Before we jump into model averaging and in particular, SSD Model Averaging, let’s backup a little and consider why we average and the advantages and disadvantages of averaging.

The pros and cons of averaging

We’re all familiar with the process of averaging. Indeed, averages are pervasive in everyday life - we talk of average income; mean sea level; average global temperature; average height, weight, age etc. etc. So what’s the obsession with averaging? It’s simple really - it’s what statisticians call data reduction which is just a fancy name to describe the process of summarising a lot of raw data using a small number of (hopefully) representative summary statistics such as the mean and the standard deviation.

Clearly, it’s a lot easier to work with just a single mean than all the individual data values.

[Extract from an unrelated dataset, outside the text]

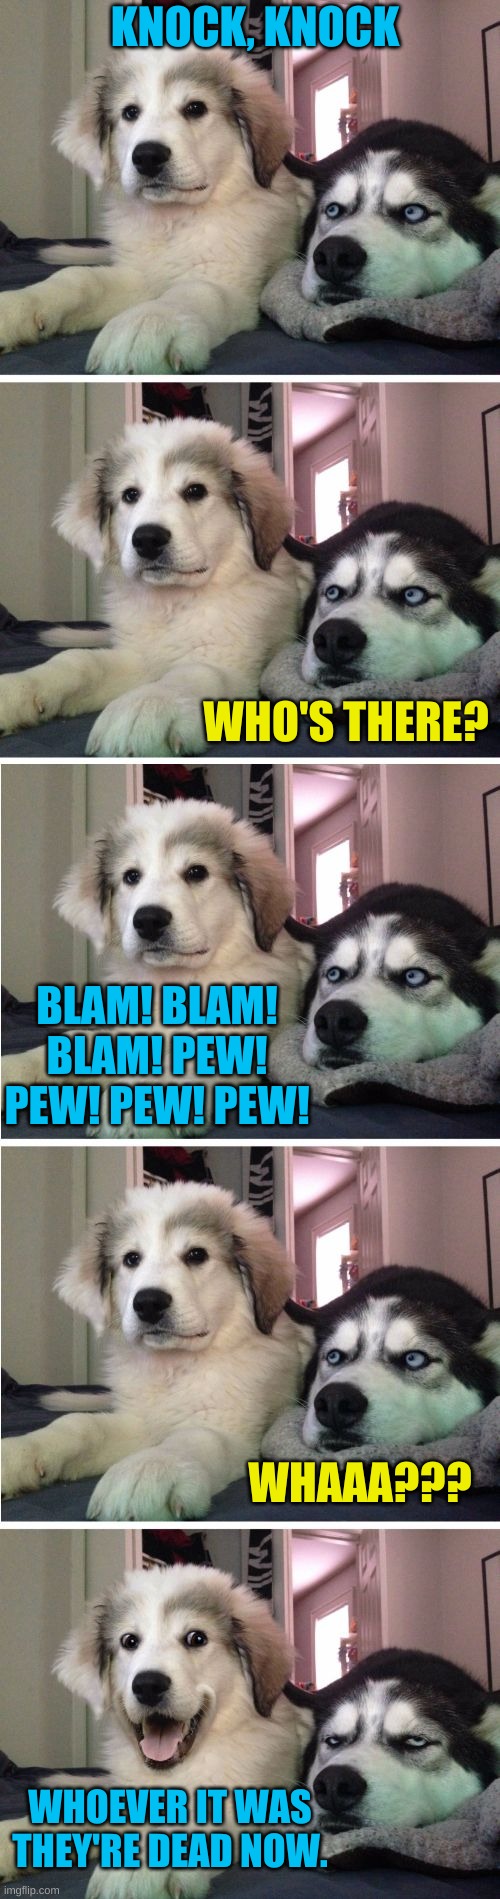 Why it's important to stay home.... People are really scared right now. | KNOCK, KNOCK; WHO'S THERE? BLAM! BLAM! BLAM! PEW! PEW! PEW! PEW! WHAAA??? WHOEVER IT WAS THEY'RE DEAD NOW. | image tagged in knock knock dogs | made w/ Imgflip meme maker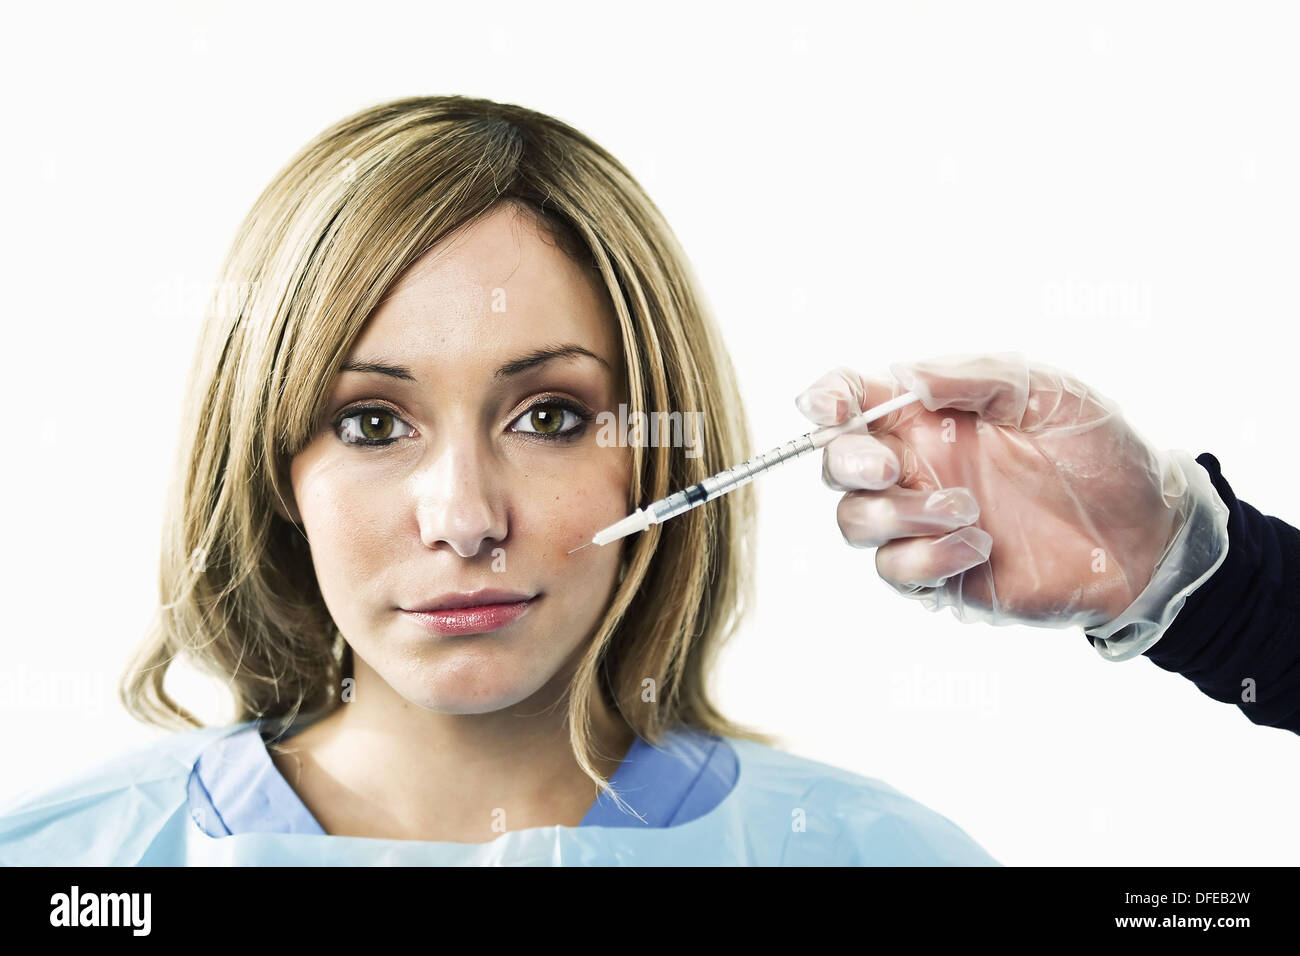 A young woman is injected with a syringe containing botox Stock Photo

That’s the upside. The downside is that the process of data reduction decimates your original data - you lose information in the process. Nevertheless, the benefits tend to outweigh this information loss. Indeed, much of ‘conventional’ statistical theory and practice is focused on the mean. Examples include T-tests, ANOVA, regression, and clustering.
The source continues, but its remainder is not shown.